Table2 : notifications
References: user_id → users, type_id → notification_types, channel_id → notification_channels

Objective:
Create CSV files containing synthetic (mock) data for the above tables, following the provided schema structure. This is useful for testing, development, and demonstrations without using real/sensitive data.

Key Details
Input:
Database schema structure containing all tables names, their respective column names and data types.

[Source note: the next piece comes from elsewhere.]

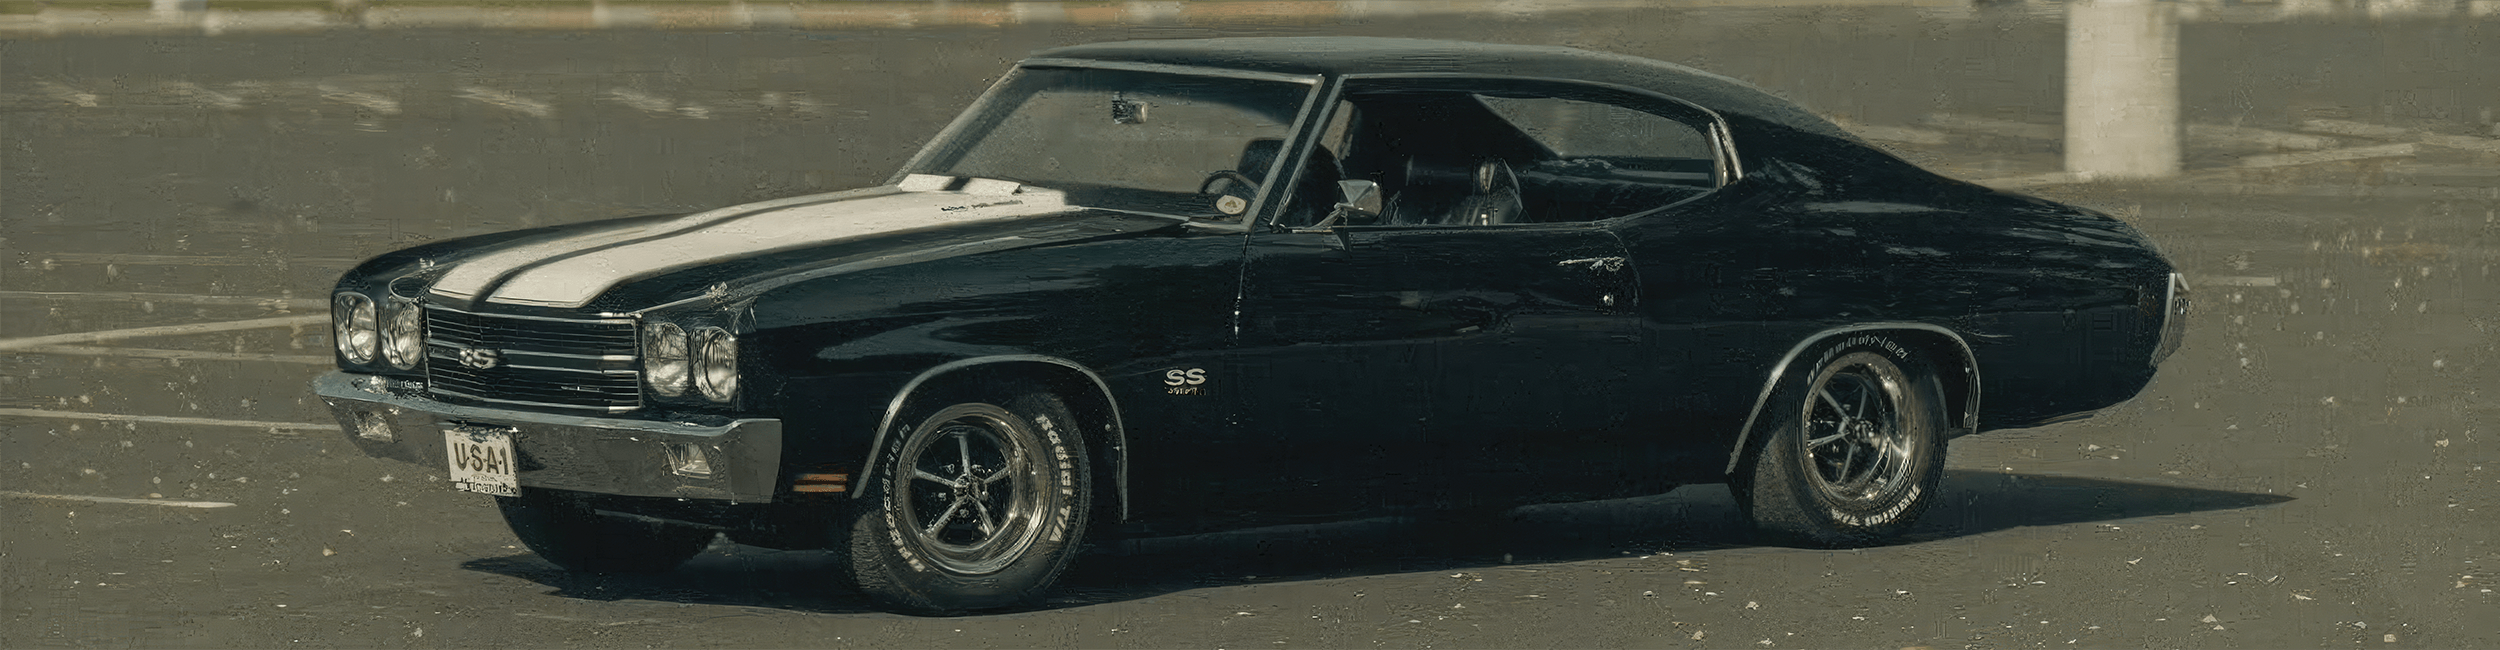 1970 Chevelle powered by BluePrint Engines

Input file : https://github.com/saayam-for-all/data/tree/main/database/Saayam_Table.column.names_data.xlsx

And the same is available in the programmatically extractable way in the https://github.com/saayam-for-all/data/tree/main/database/mock-data-generation/db_info.json

Lookup table/Reference table file path : https://github.com/saayam-for-all/data/tree/main/database/lookup_tables

Output:
One CSV file per table with realistic synthetic data
Adheres to data types and constraints (string lengths, date formats, relationships)
Typically ~100 records per table (configurable)
Output File path : https://github.com/saayam-for-all/data/tree/main/database/mock_db/file_name

Data Quality Requirements:
String/Text fields: Plausible names, emails, addresses, etc.
Numeric fields: Reasonable ranges and distributions
Date/Time fields: Valid and relevant dates
Foreign keys: Respect relationships between tables (valid ID references)
Relationships between columns are maintained: ex: if there are state and city columns, the city column values are based off on the state values etc

Implementation Steps:
Analyze Schema:
Extract all table names, field names, data types provided in the xls sheet
Identify constraints (primary keys, foreign keys, unique constraints)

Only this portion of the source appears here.